AI-in-the-Loop
Reduce review volume by letting AI score, suggest, and pre-triage work before it reaches a person.
What This Means in M3 Forge
AI-in-the-Loop extends automation beyond generation and extraction. In M3 Forge, AI can also:
- Evaluate outputs with workspace evaluators and guardrails
- Suggest annotations during processor labeling
- Score traces and sessions in observability flows
- Compare prompt variants before promotion
- Route only the hardest exceptions to human reviewers
This pattern gives teams a middle layer between “fully automatic” and “fully manual.”
Where It Shows Up
| Surface | AI-in-the-loop behavior |
|---|---|
| Prompt Compare | Score prompt variants with saved evaluators before rollout |
| Guardrails | Route low-quality outputs to retry, fallback, or review |
| Observability | Run evaluator schedules against traces and sessions and persist score annotations |
| Processor Labeling | Suggest annotations to accelerate dataset creation |
| HITL | Deliver smaller, better-prioritized exception queues to people |
Example: Review Queue Compression
Generate or extract the first-pass result
Run the normal workflow, processor, or agent flow.
Score the output
Apply evaluators such as faithfulness, relevance, schema checks, or custom code evaluators.

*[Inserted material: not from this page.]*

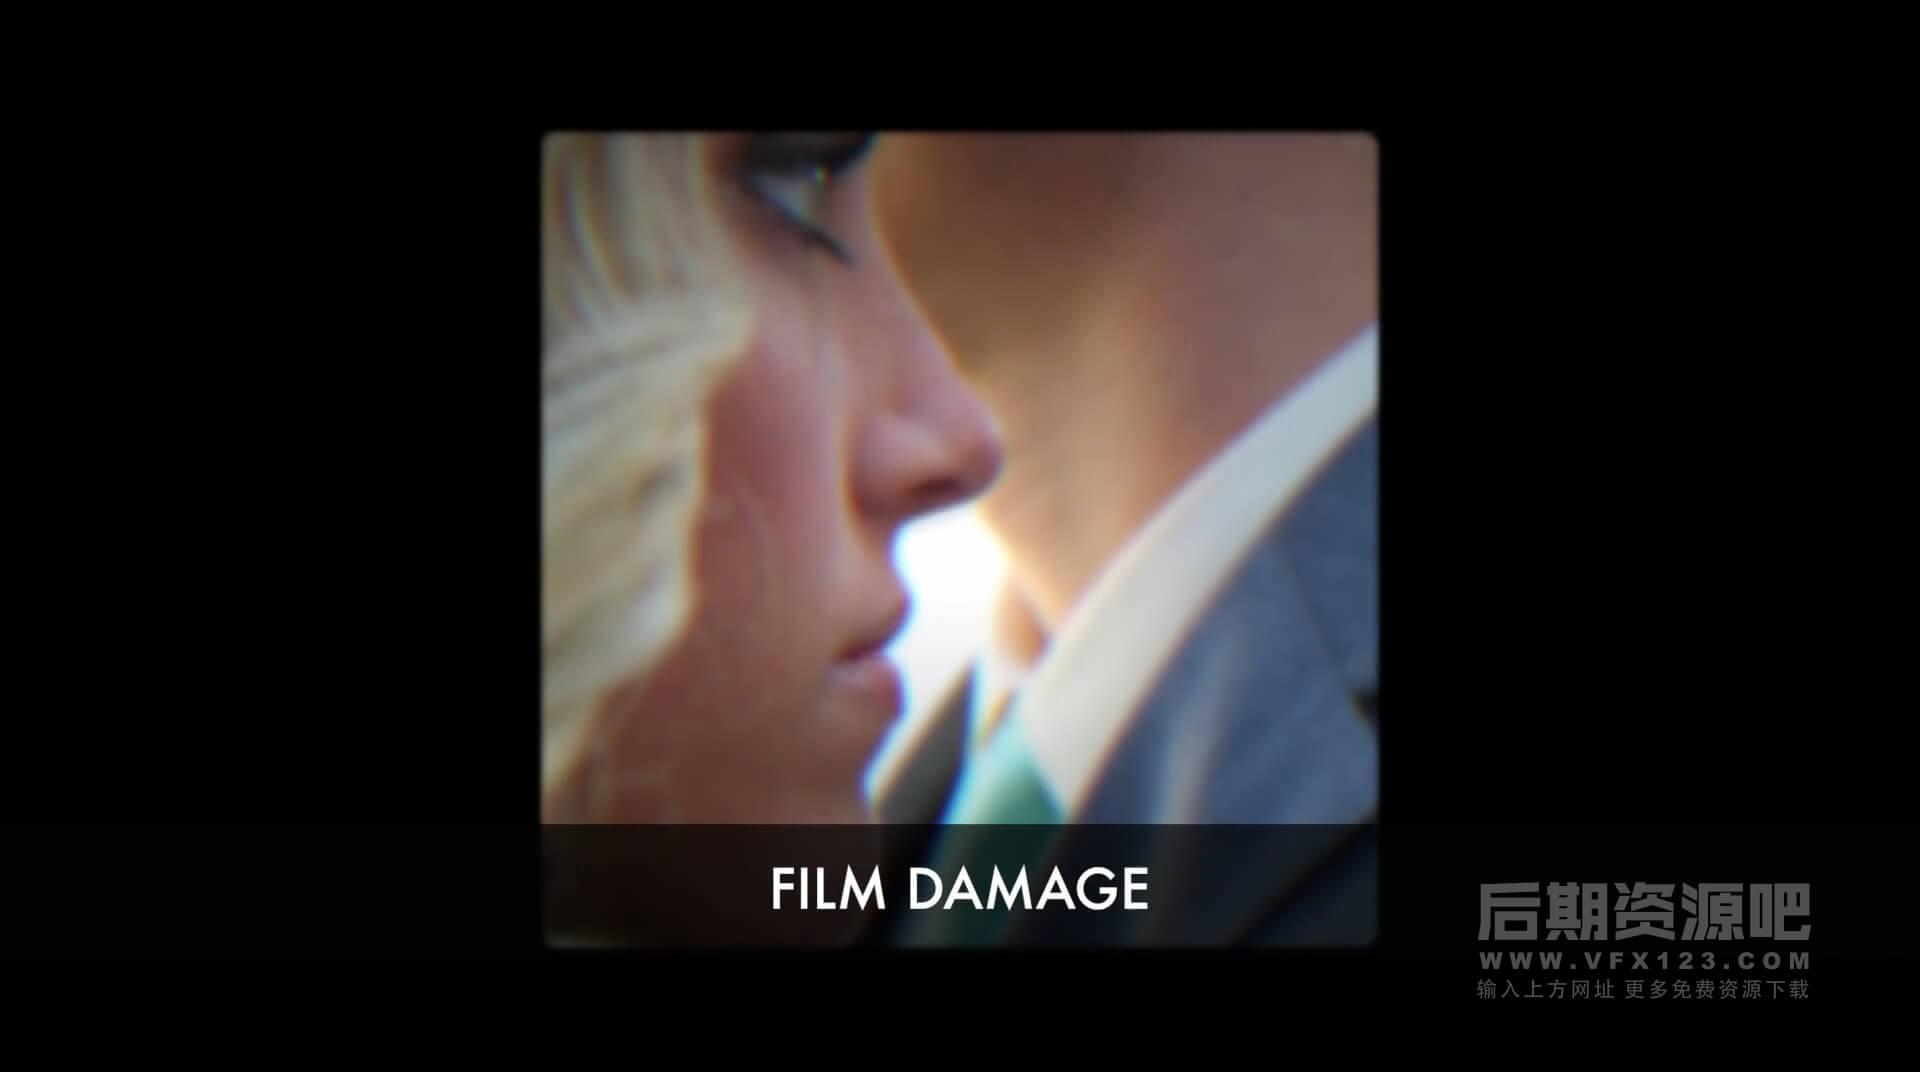 Fcpx插件 复古电影胶片幻灯机播放效果过渡转场 CineFlare Film Strip

Annotate production behavior
Persist evaluator results into trace or session annotations so teams can see quality patterns over time.
Send only weak cases to humans
Use threshold failures, missing fields, or policy exceptions to determine which items enter the HITL queue.
Example Pattern
Example Evaluator Configuration
{
"name": "invoice_quality",
"kind": "ts_code",
"target": "trace",
"threshold": 0.85,
"dimensions": ["schema", "field_completeness", "groundedness"]
}Good Fits
- Reduce prompt-comparison guesswork before shipping a new prompt version
- Score production traces continuously instead of waiting for manual QA sampling
- Speed up extractor training with AI-generated annotation suggestions
- Keep humans focused on novel errors rather than obvious passes
Human-in-the-Loop vs AI-in-the-Loop
| Capability | Primary actor | Best used for |
|---|---|---|
| Human-in-the-Loop | Reviewer | Approvals, policy calls, business exceptions |
| AI-in-the-Loop | Evaluator or assistant model | Scoring, suggestion, filtering, pre-triage |
The strongest systems use both. AI shrinks the queue. Humans resolve what still needs judgment.
AI-in-the-loop is most valuable when it is observable. Score annotations, evaluator history, and prompt comparisons turn reviewer effort into measurable signal instead of hidden labor.